Midlatitude daytime D region ionosphere variations measured from radio atmospherics


Autoria(s): Han, F; Cummer, SA
Data(s)

01/01/2010

Identificador

Journal of Geophysical Research: Space Physics, 2010, 115 (10)

http://hdl.handle.net/10161/4180

2169-9402

0148-0227

http://hdl.handle.net/10161/4180

Idioma(s)

en_US

Relação

Journal of Geophysical Research: Space Physics

10.1029/2010JA015715

Journal of Geophysical Research-Space Physics

Tipo

Journal Article

Resumo

We measured the midlatitude daytime ionospheric D region electron density profile height variations in July and August 2005 near Duke University by using radio atmospherics (or sferics for short), which are the high-power, broadband very low frequency (VLF) signals launched by lightning discharges. As expected, the measured daytime D region electron density profile heights showed temporal variations quantitatively correlated with solar zenith angle changes. In the midlatitude geographical regions near Duke University, the observed quiet time heights decreased from ∼80 km near sunrise to ∼71 km near noon when the solar zenith angle was minimum. The measured height quantitative dependence on the solar zenith angle was slightly different from the low-latitude measurement given in a previous work. We also observed unexpected spatial variations not linked to the solar zenith angle on some days, with 15% of days exhibiting regional differences larger than 0.5 km. In these 2 months, 14 days had sudden height drops caused by solar flare X-rays, with a minimum height of 63.4 km observed. The induced height change during a solar flare event was approximately proportional to the logarithm of the X-ray flux.
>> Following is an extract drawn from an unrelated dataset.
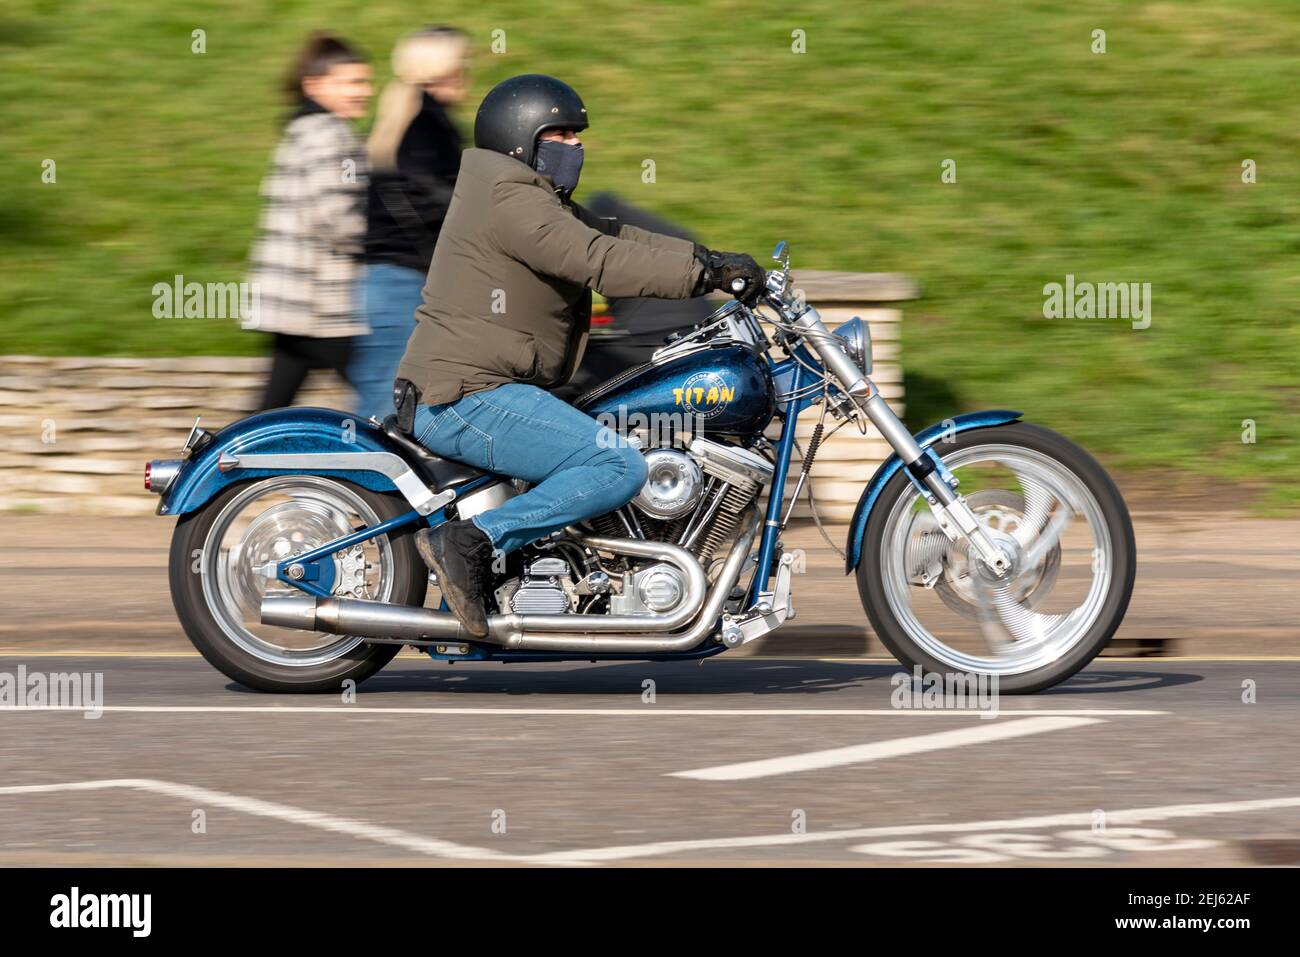 Titan Motorcycle Company of America S&S Super Motorbike étant monté à Southend on Sea, Essex, Royaume-Uni, par une journée ensoleillée, pendant le confinement de la COVID 19 Banque D'Images
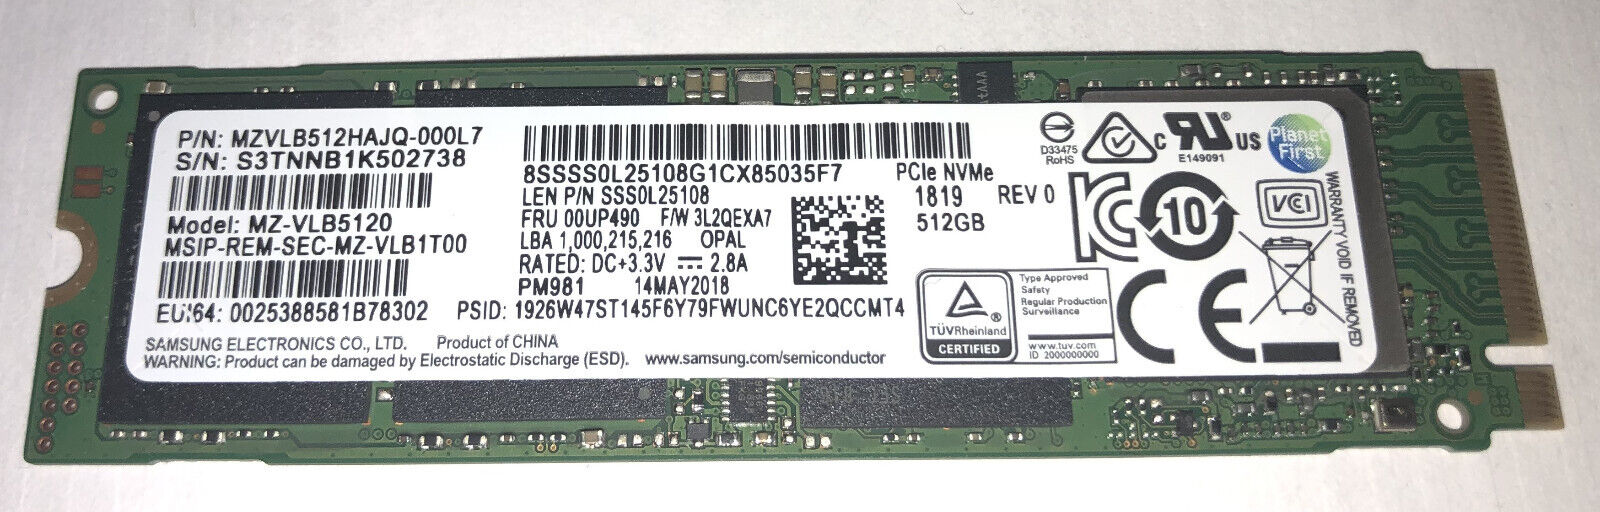 NEW SAMSUNG 512GB MZ-VLB5120 SSD M.2 NVMe MZVLB512HAJQ-000L7 – Guaranteed

In the long waveband (wavelength, 1-8 Å), an increase in flux by a factor of 10 resulted in 6.3 km decrease of the height at the flux peak time, nearly a perfect agreement with the previous measurement. During the rising and decaying phases of the solar flare, the height changes correlated more consistently with the short, rather than the long, wavelength X-ray flux changes. © 2010 by the American Geophysical Union.